**Entries provided:**
—————

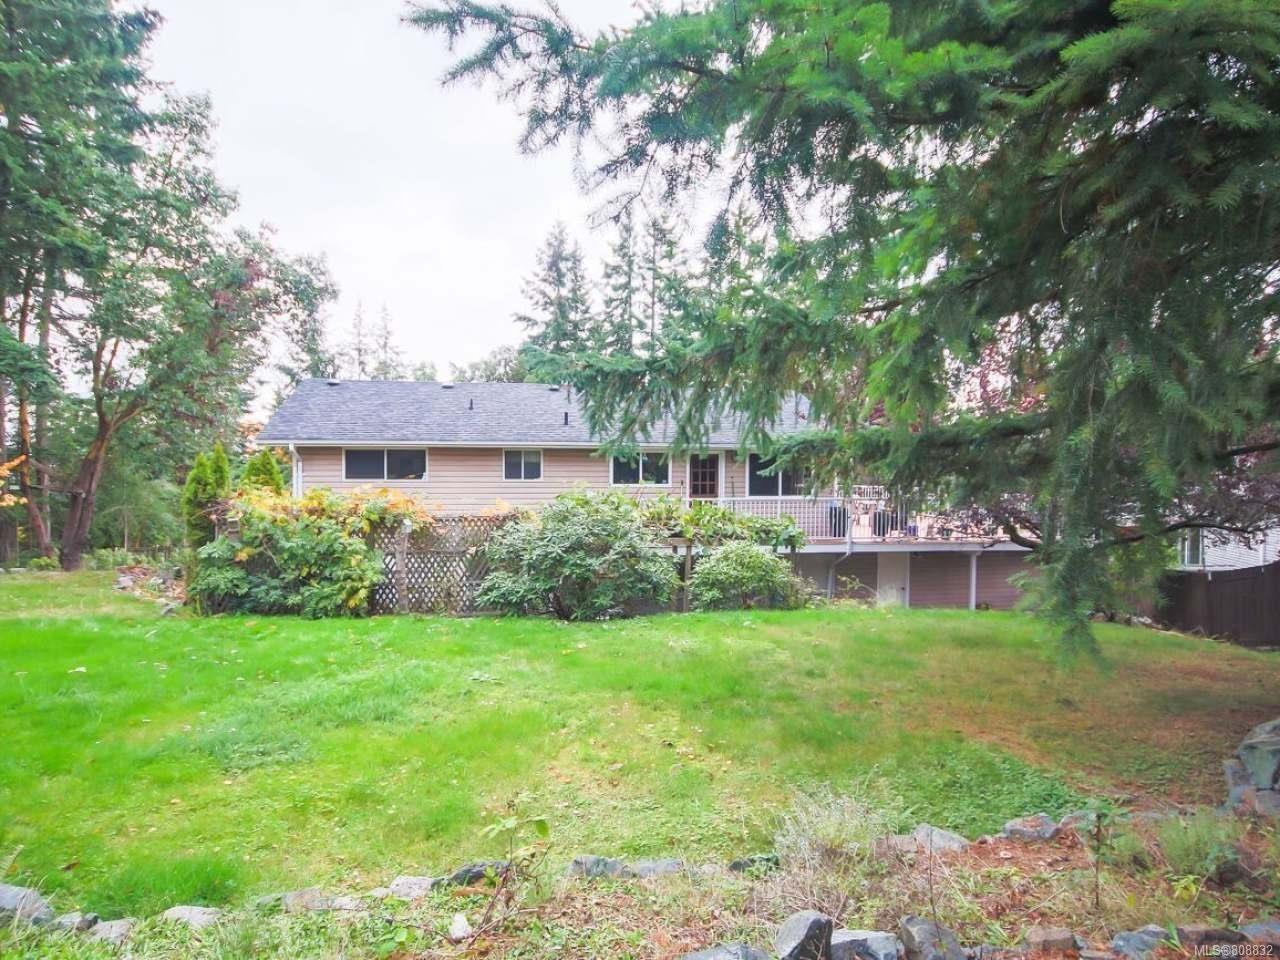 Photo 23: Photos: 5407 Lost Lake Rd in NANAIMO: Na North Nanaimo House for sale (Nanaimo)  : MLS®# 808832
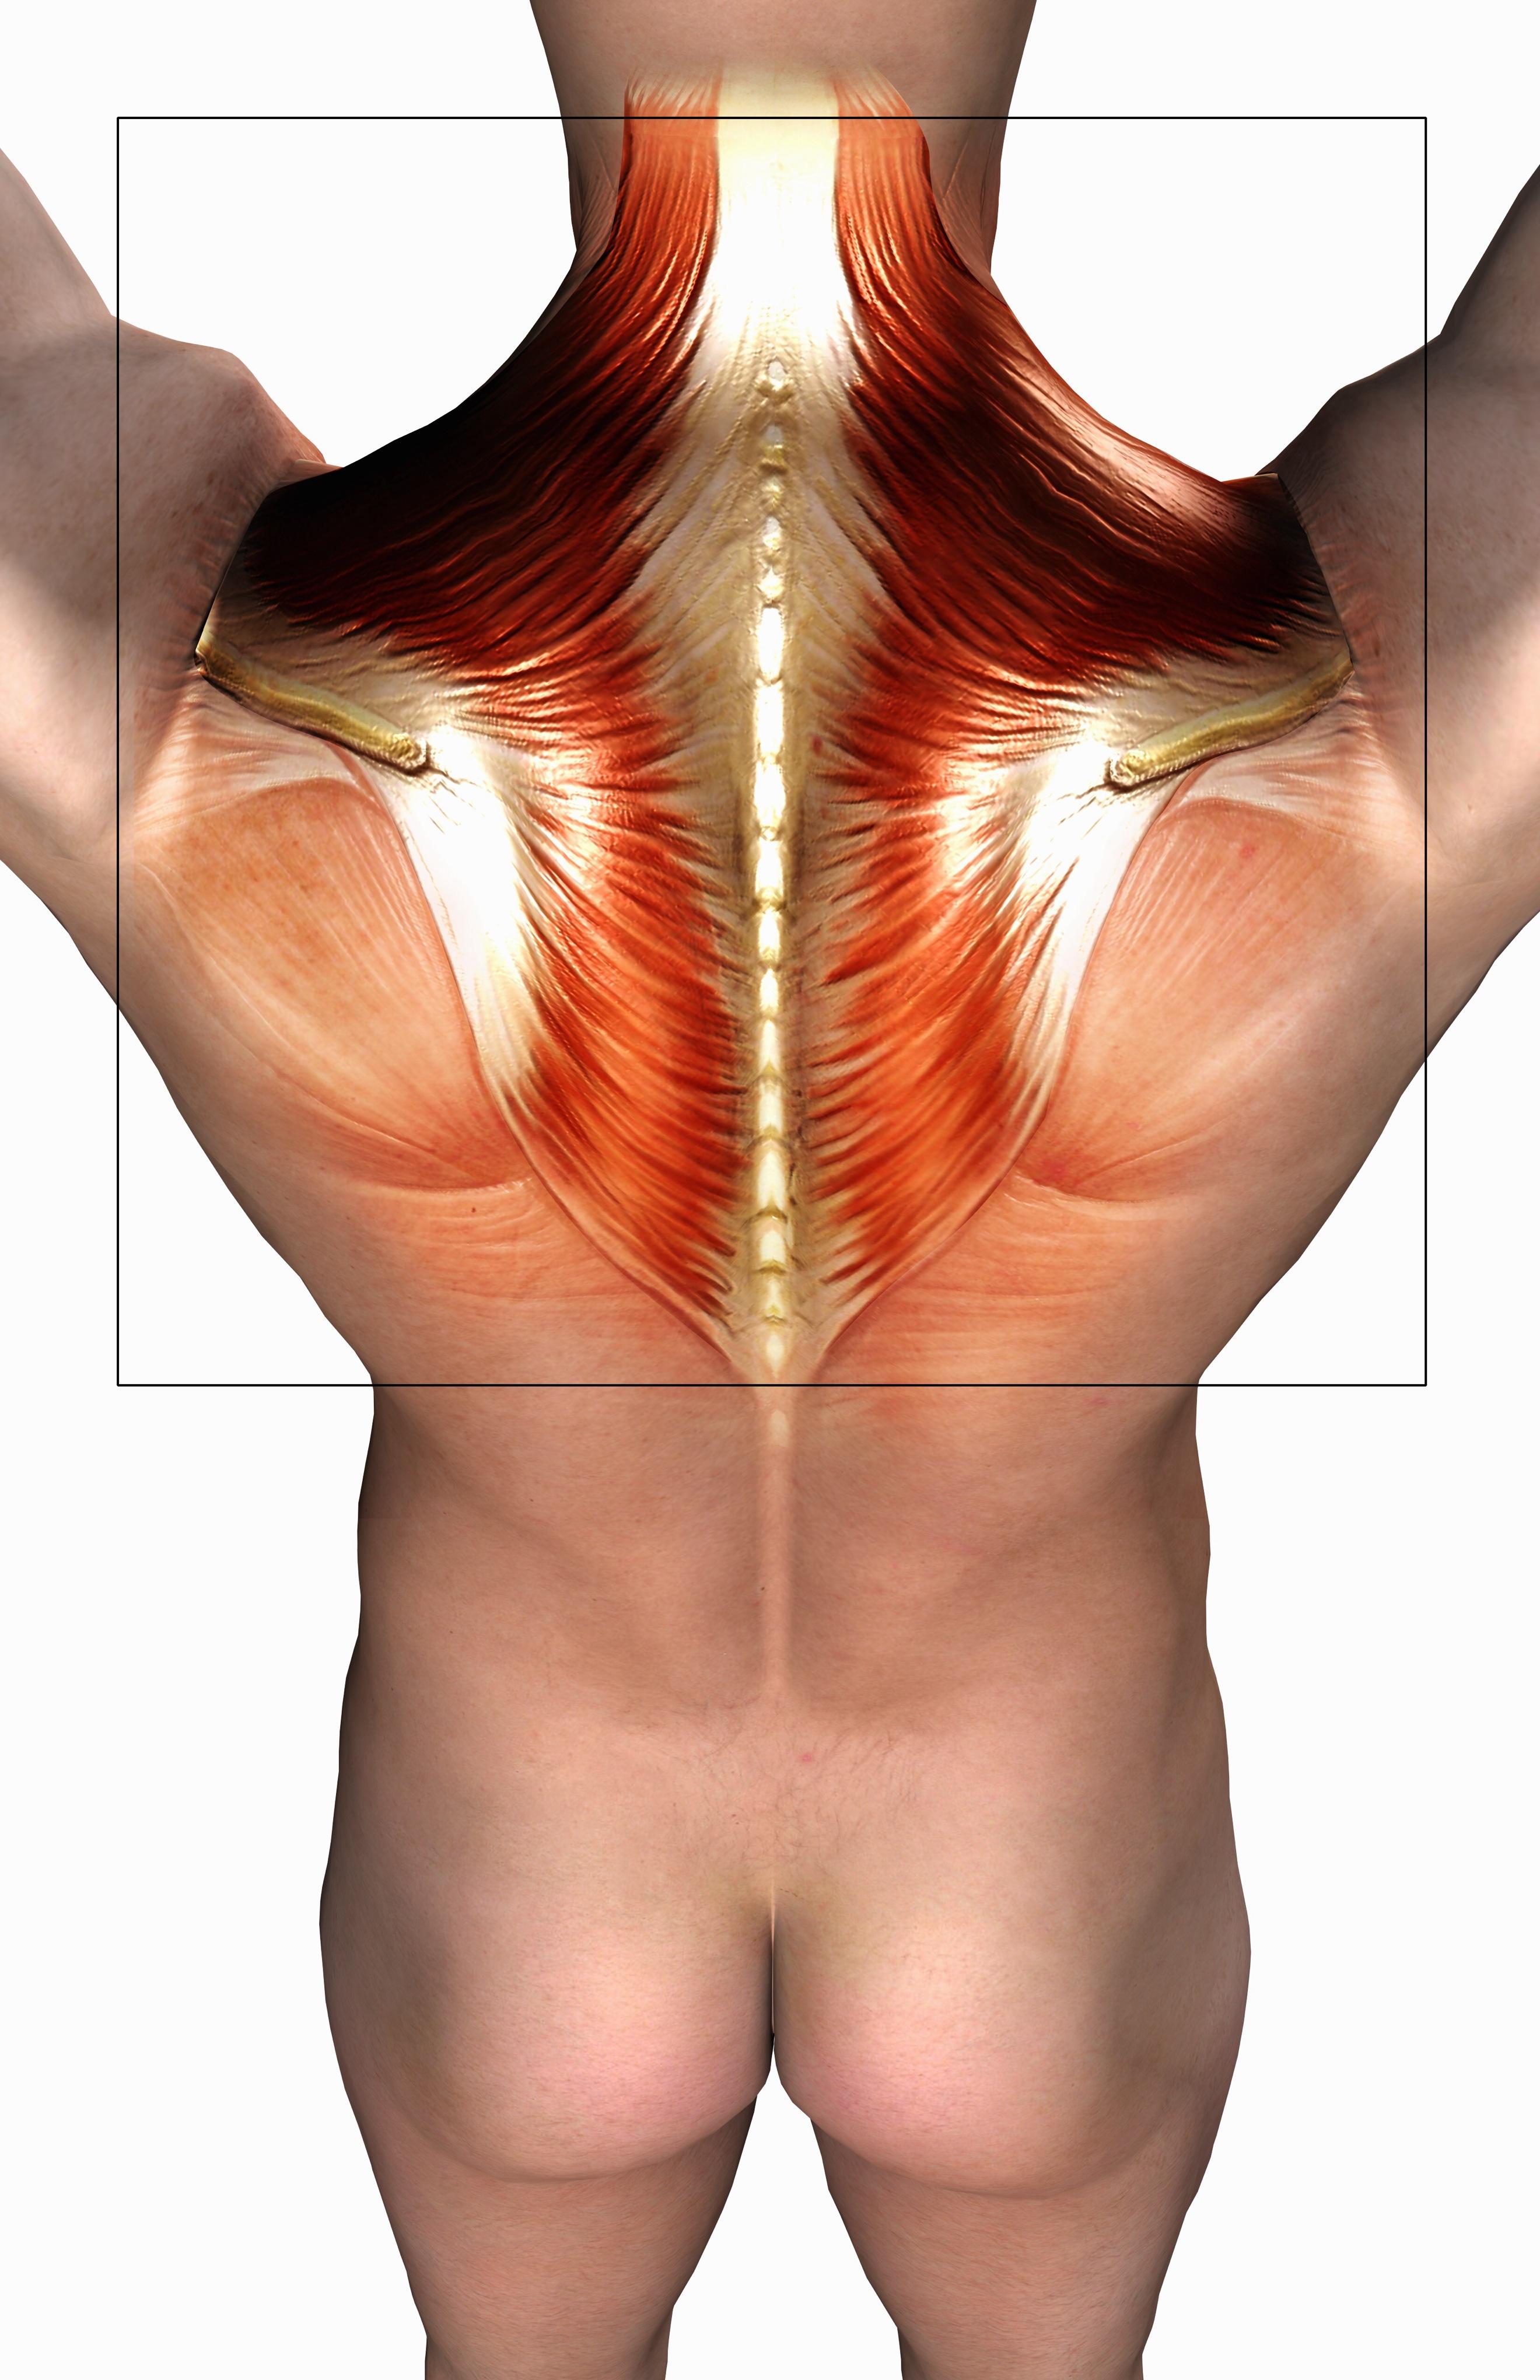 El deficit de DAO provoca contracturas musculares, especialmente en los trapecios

—————

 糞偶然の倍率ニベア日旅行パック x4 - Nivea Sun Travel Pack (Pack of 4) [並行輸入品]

—————

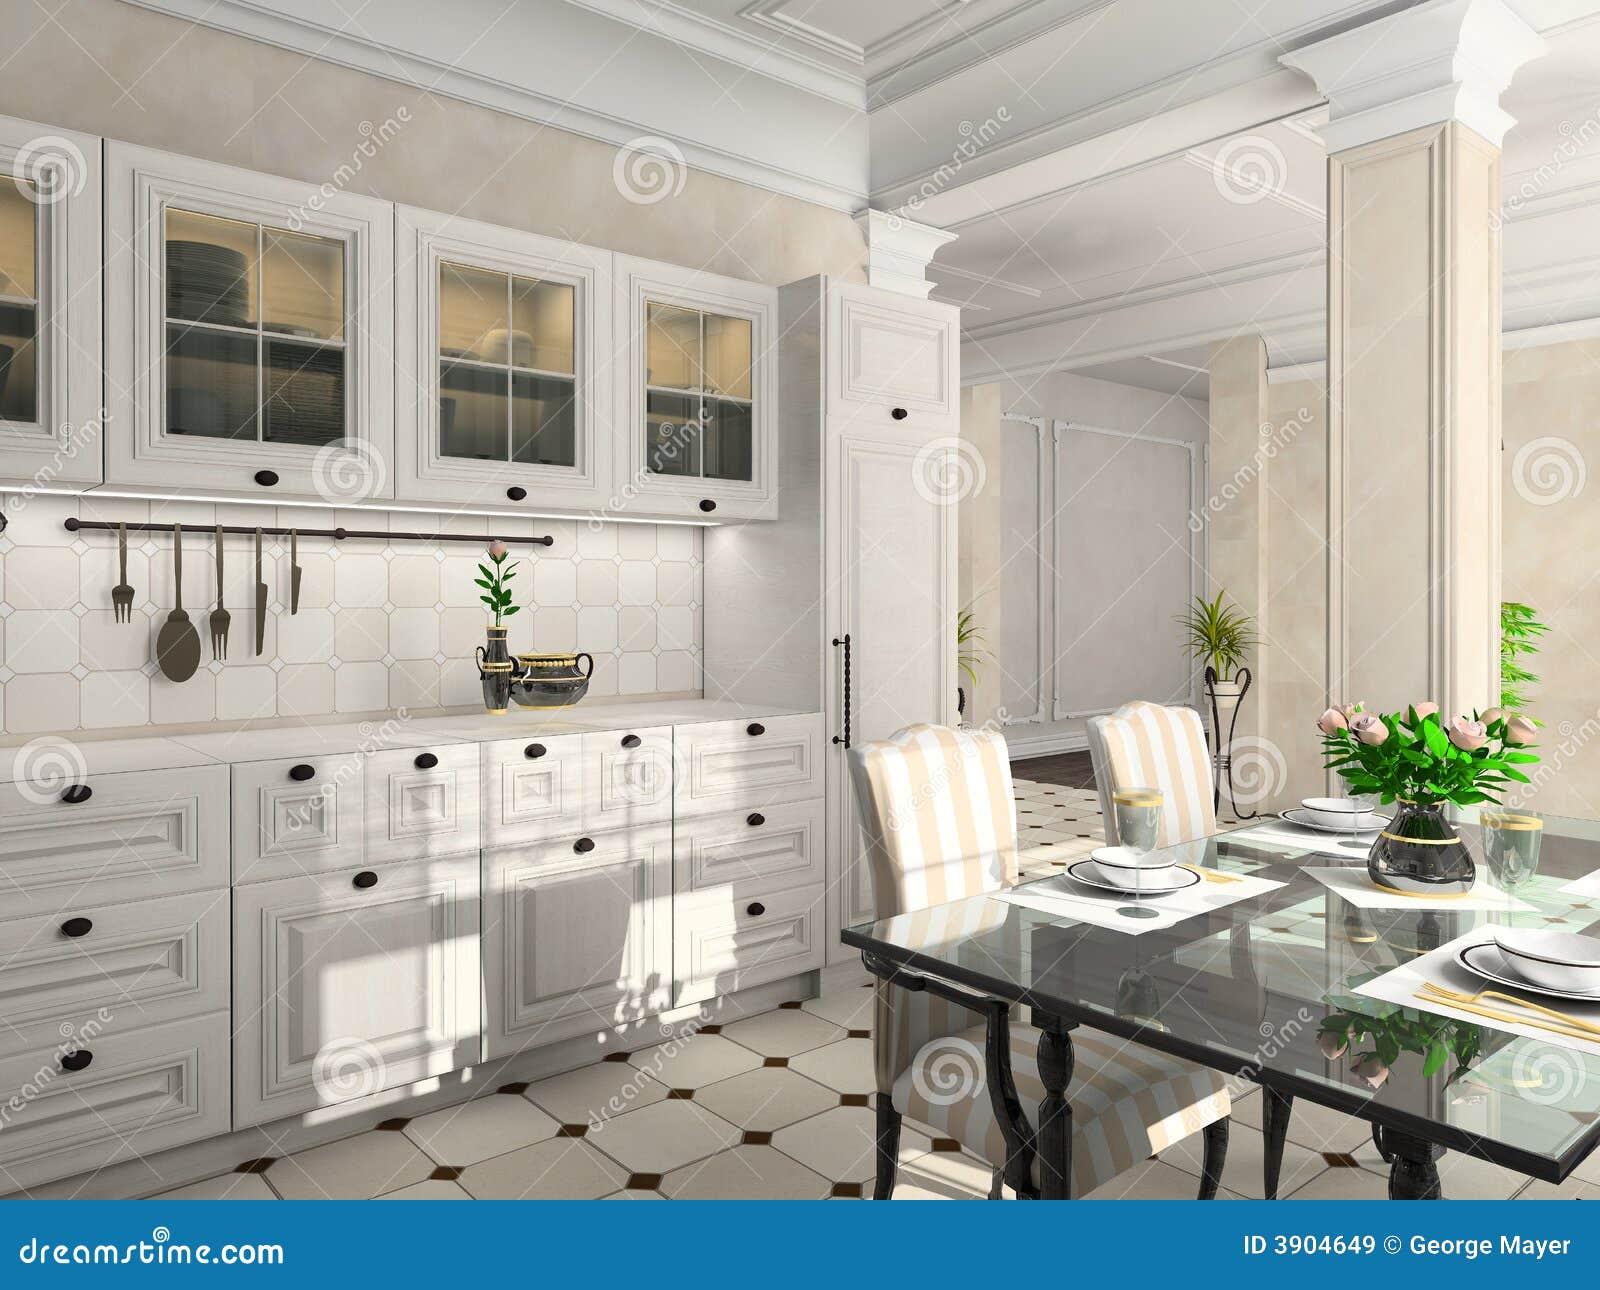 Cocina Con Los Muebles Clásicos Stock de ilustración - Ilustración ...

—————

**Activity:** Given the entries above, transcribe exactly the lines from the one holding "Photo 23: Photos: 5407" through the one holding "El deficit de"; pictures do not belong in the transcription.

**Finished exercise:**
 Photo 23: Photos: 5407 Lost Lake Rd in NANAIMO: Na North Nanaimo House for sale (Nanaimo)  : MLS®# 808832
 El deficit de DAO provoca contracturas musculares, especialmente en los trapecios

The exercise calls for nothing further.